(Input data):
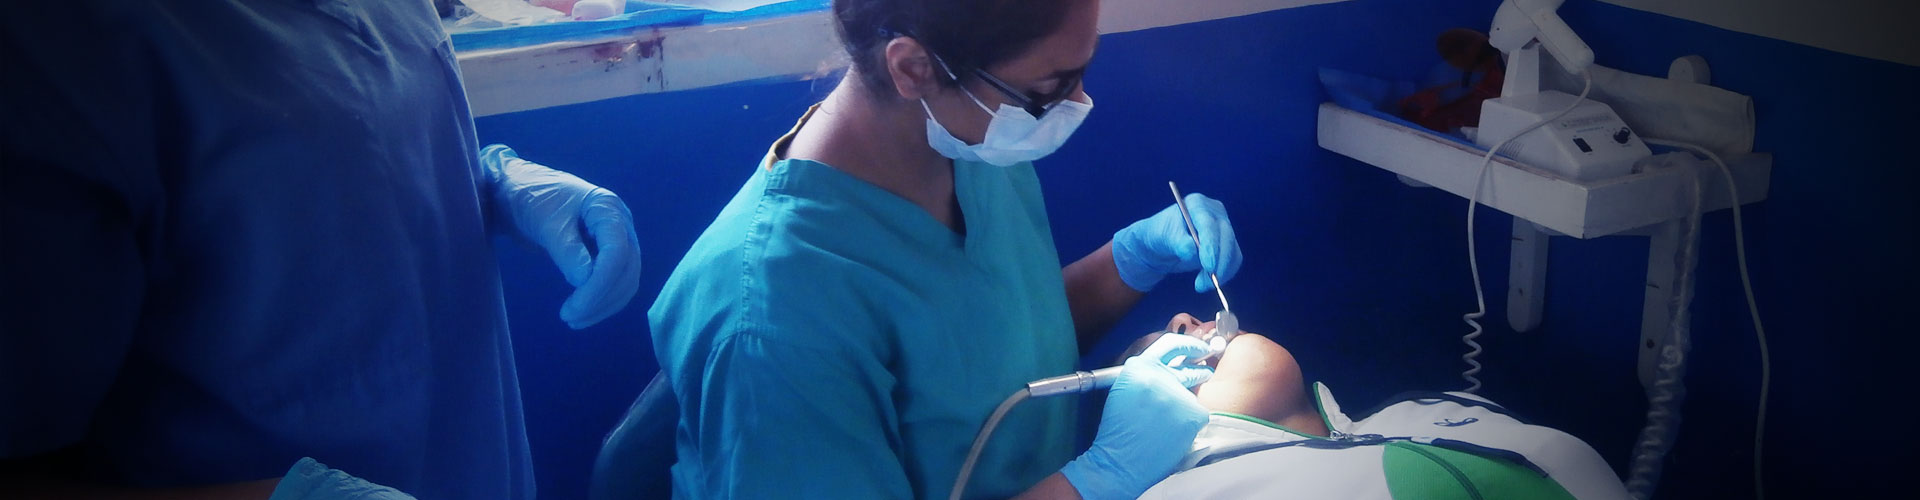 Pasantía Electiva Dental en Perú
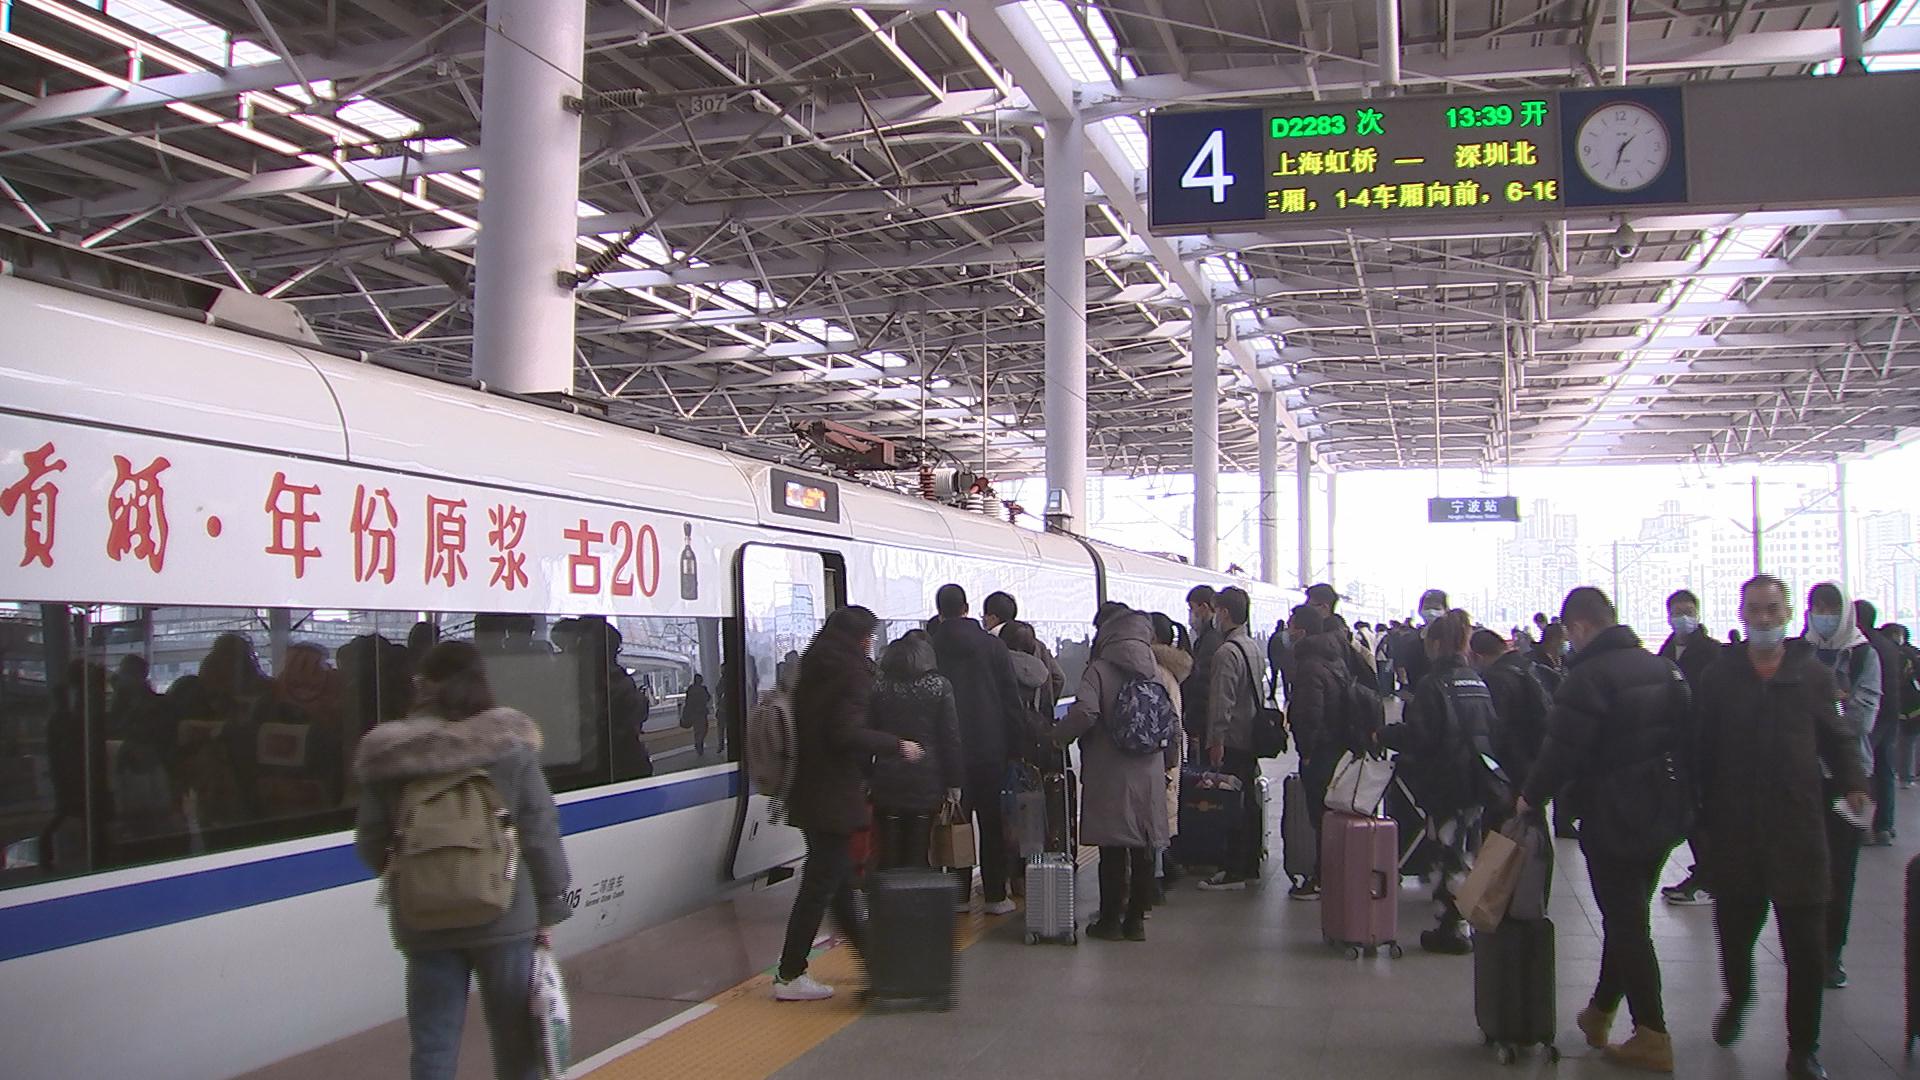 1月10日起太原铁路实施新列车运行图-太原新闻网-太原日报社
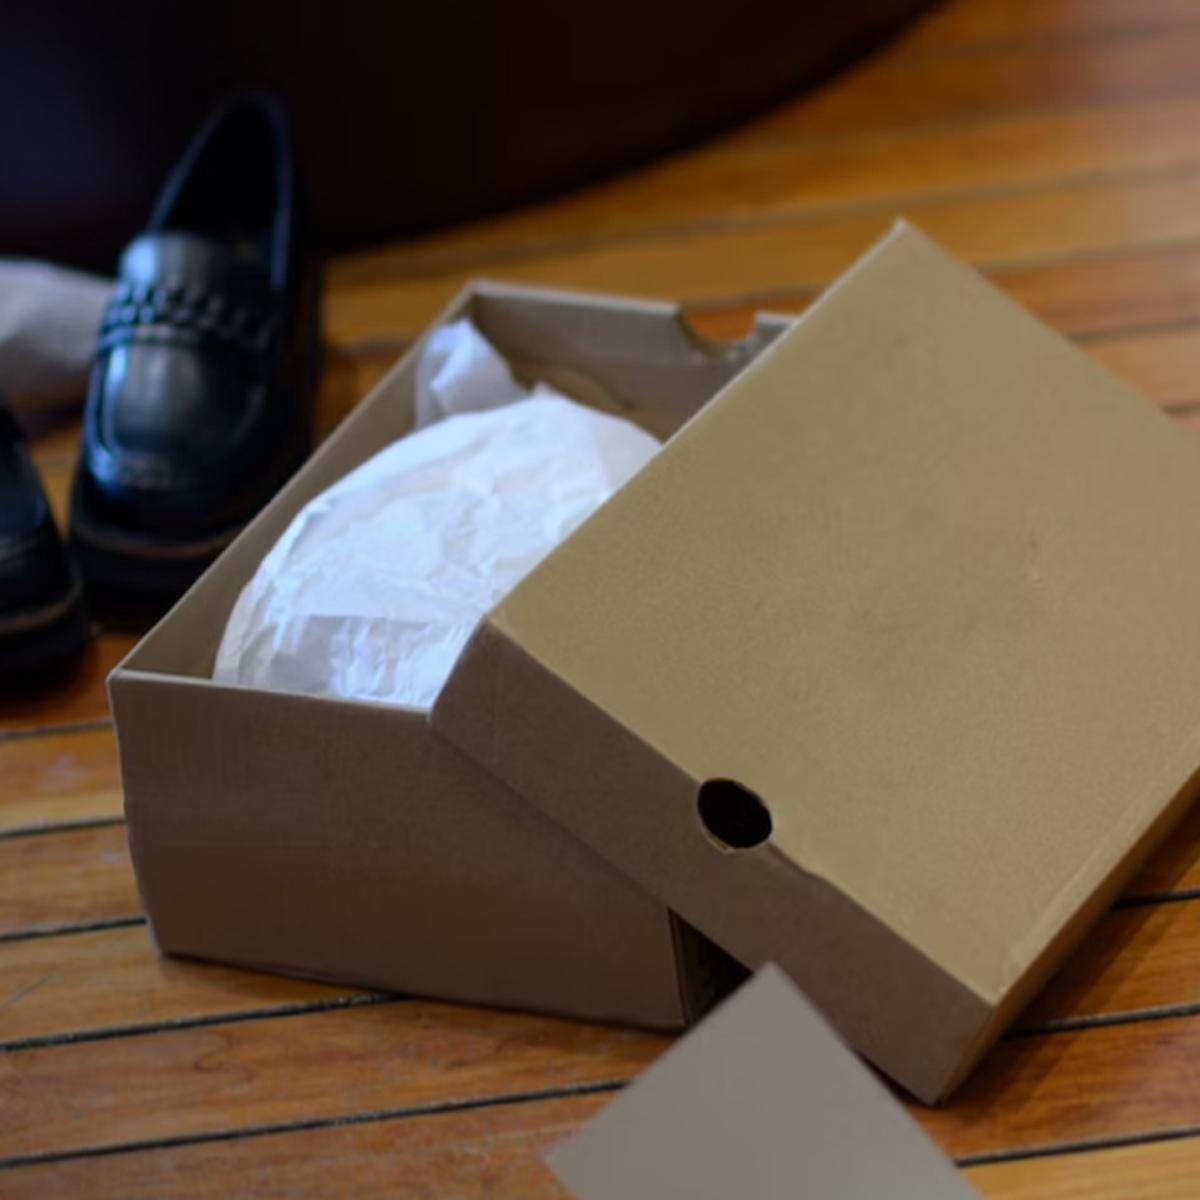 Trucos caseros: cómo reutilizar las cajas de zapatos: ideas
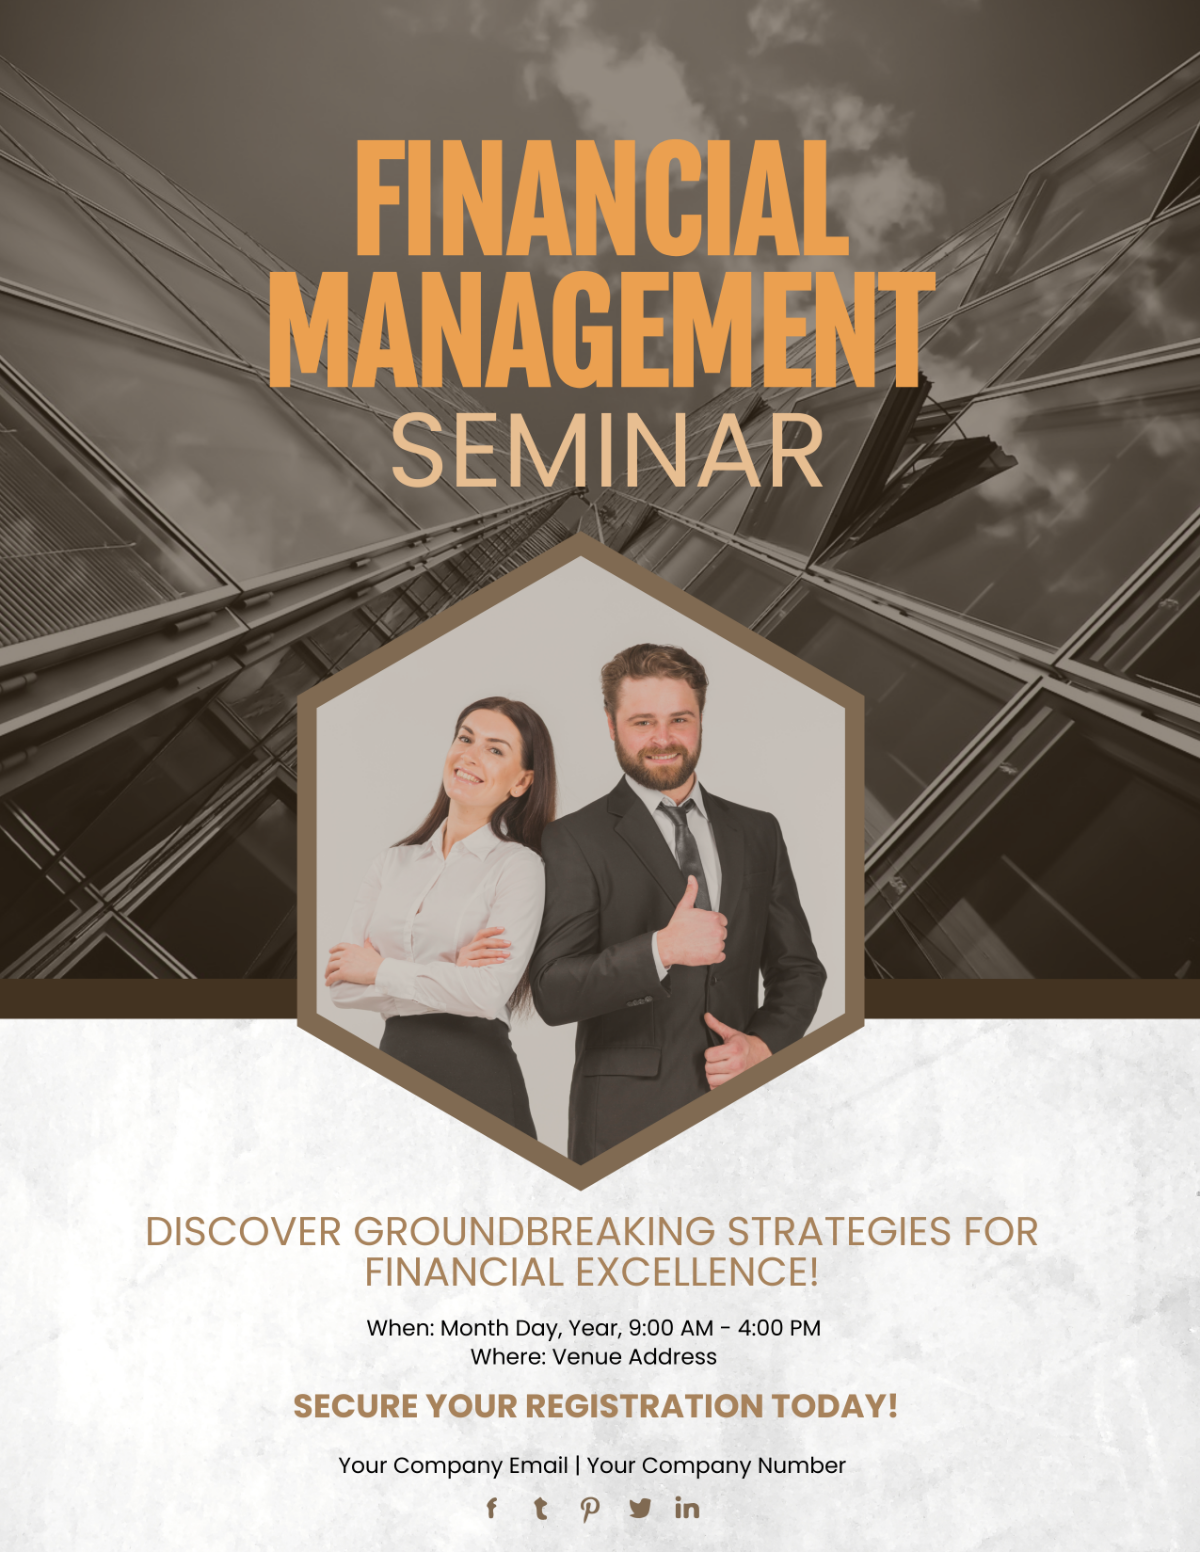 Financial Management Seminar Flyer Template
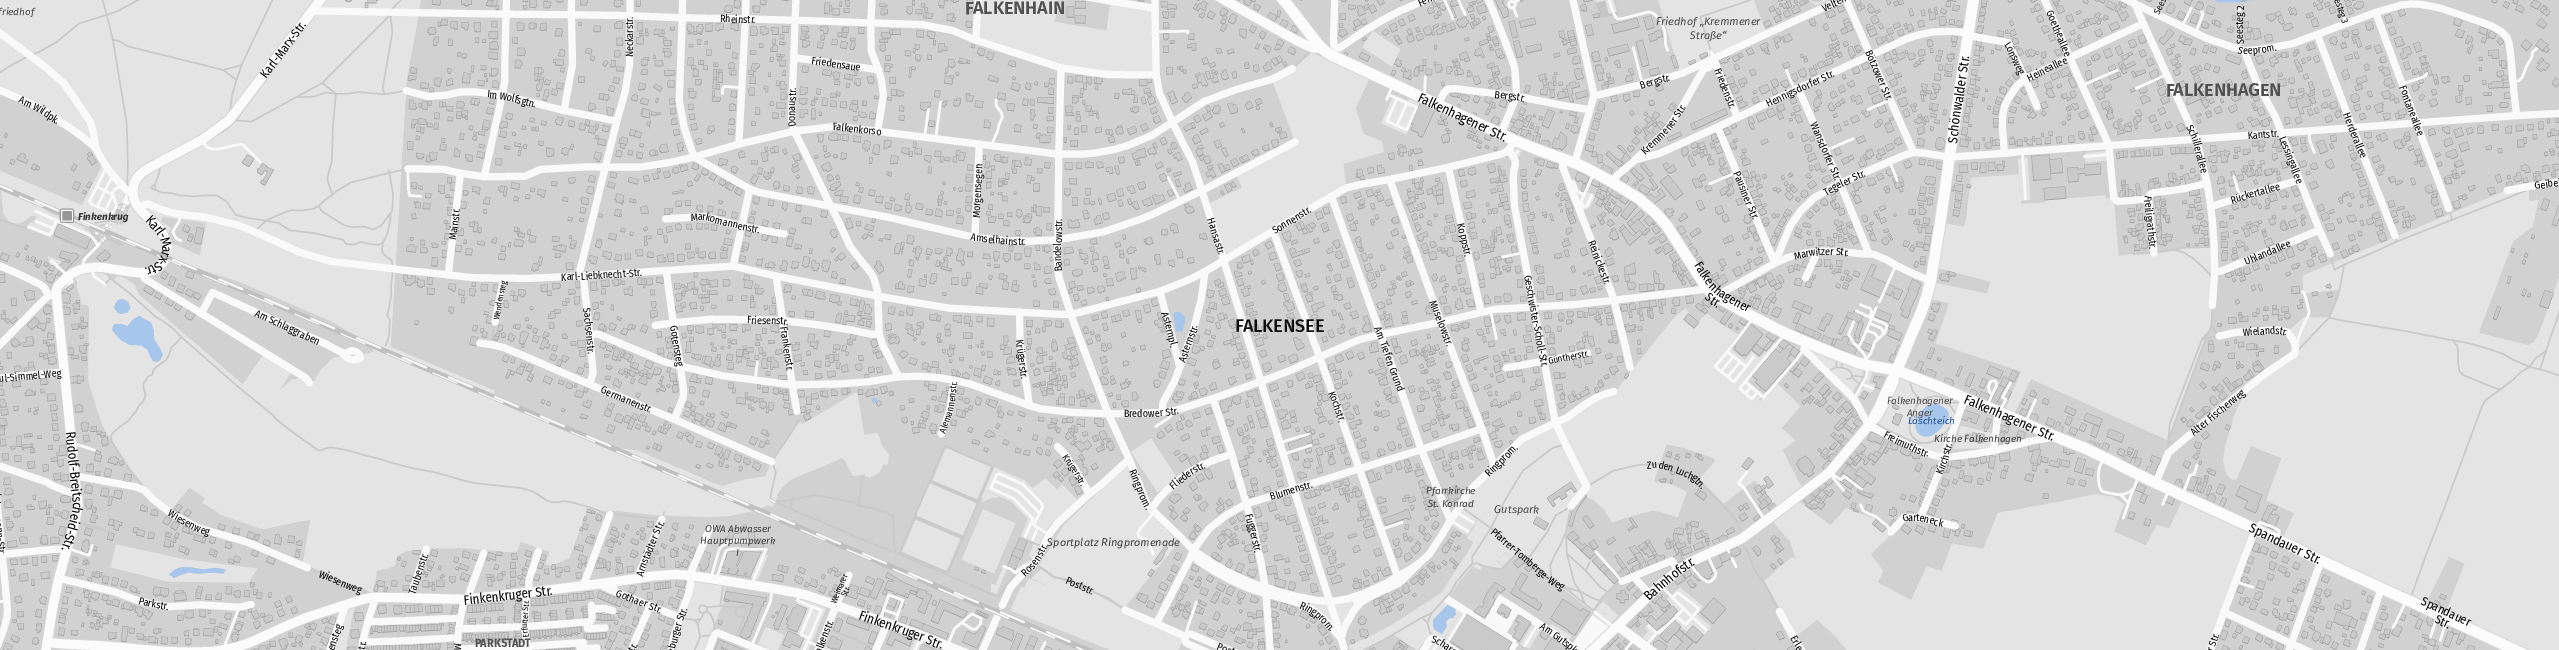 Stadtplan Falkensee zum Downloaden.

(Work task):
Nothing should appear in the answer except the lines from the one containing "Trucos caseros: cómo" through the last line of the listing, given again exactly and with no pictures.

(Reply to the task):
 Trucos caseros: cómo reutilizar las cajas de zapatos: ideas
 Financial Management Seminar Flyer Template
 Stadtplan Falkensee zum Downloaden.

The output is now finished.